DESCRIPTION OF THE TASK –
Please give back exactly the line with "The Kissimmee entertainment" and each line after it through the end of the material, leaving out the pictures.

EXCERPTED DATA –
****************************************
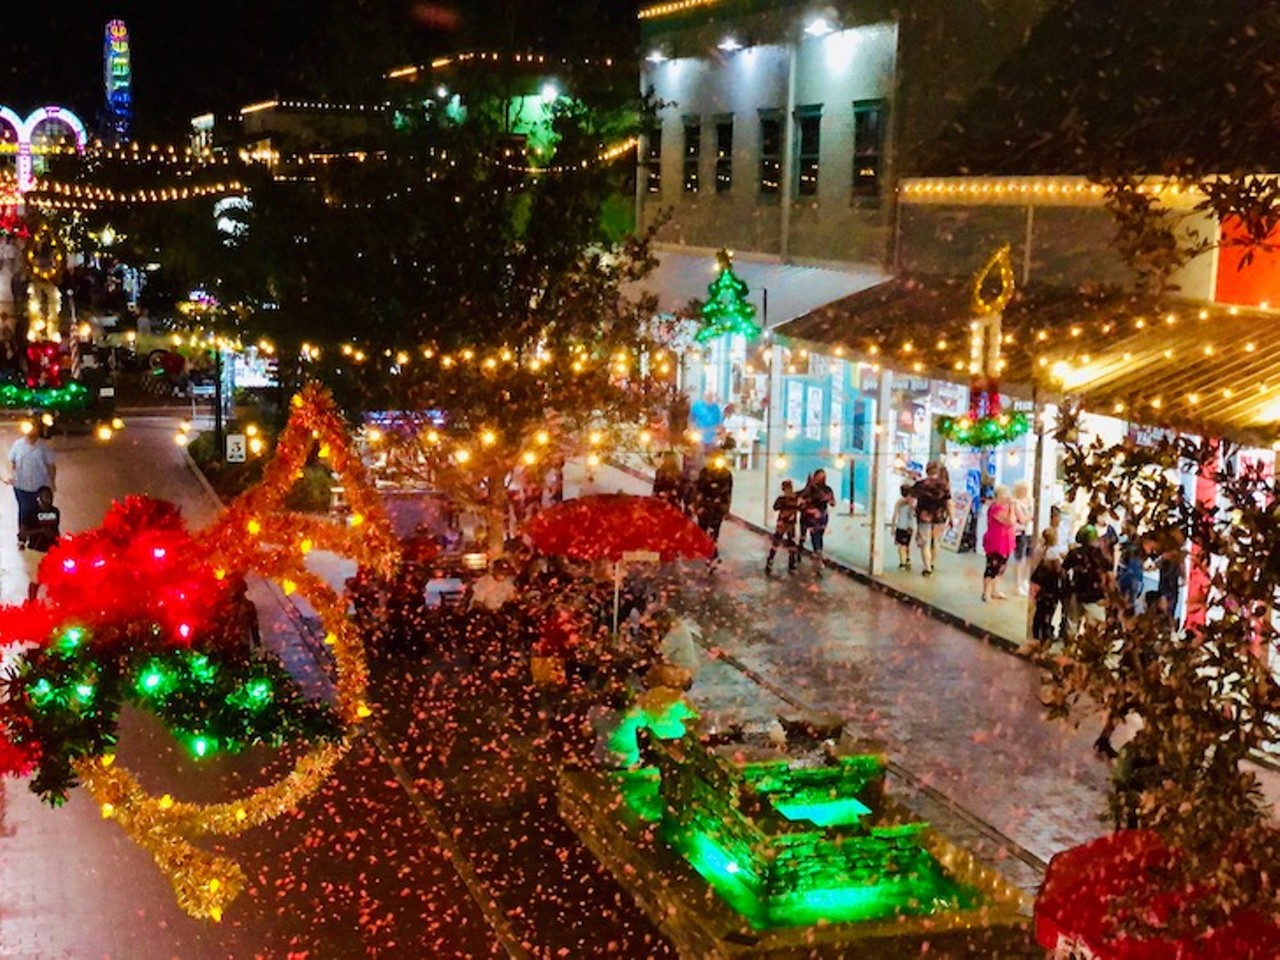 Holidays at Old Town  
Old Town, 5770 West Irlo Bronson Memorial Hwy, Kissimmee, 407-396-4888
The Kissimmee entertainment complex once again raises its iconic Christmas tree, and its brick streets will be coated in &#147;snow&#148; every weekend from Dec. 1-25.
Photo via Old Town/Website
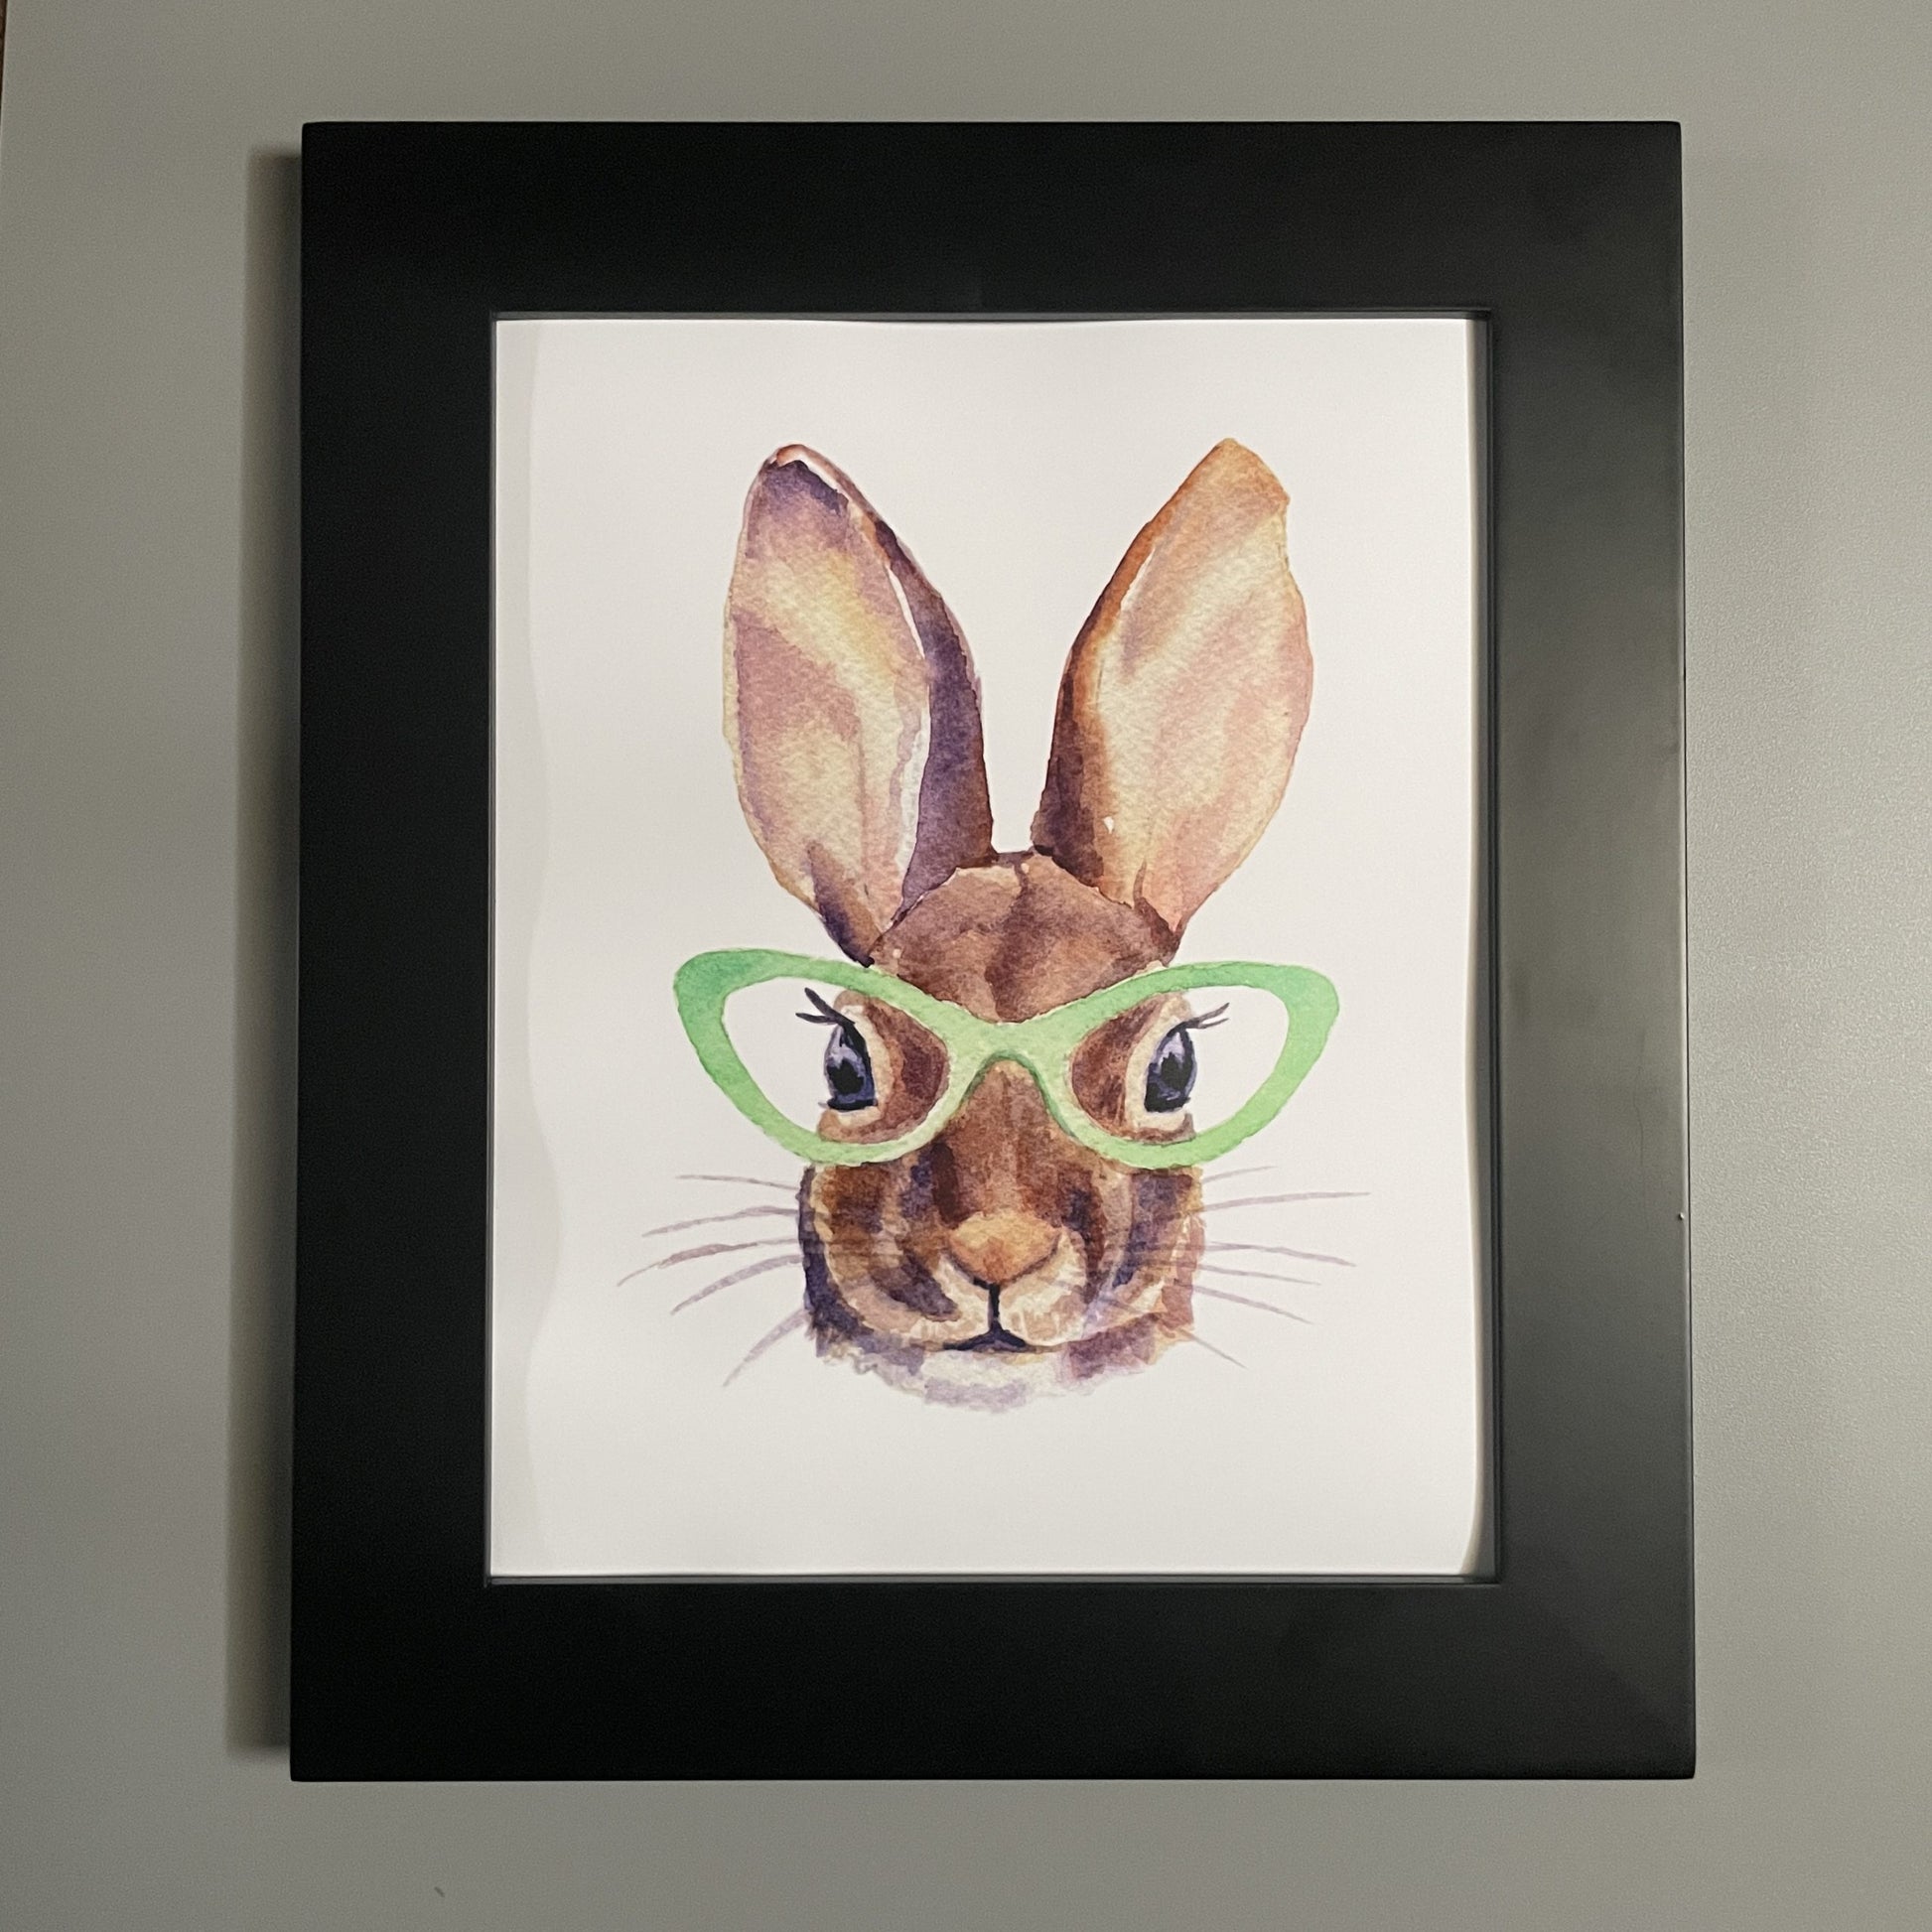 Print of a bunny wearing green glasses shown in a black frame.
****************************************
TASK RESPONSE –
The Kissimmee entertainment complex once again raises its iconic Christmas tree, and its brick streets will be coated in &#147;snow&#148; every weekend from Dec. 1-25.
Photo via Old Town/Website
 Print of a bunny wearing green glasses shown in a black frame.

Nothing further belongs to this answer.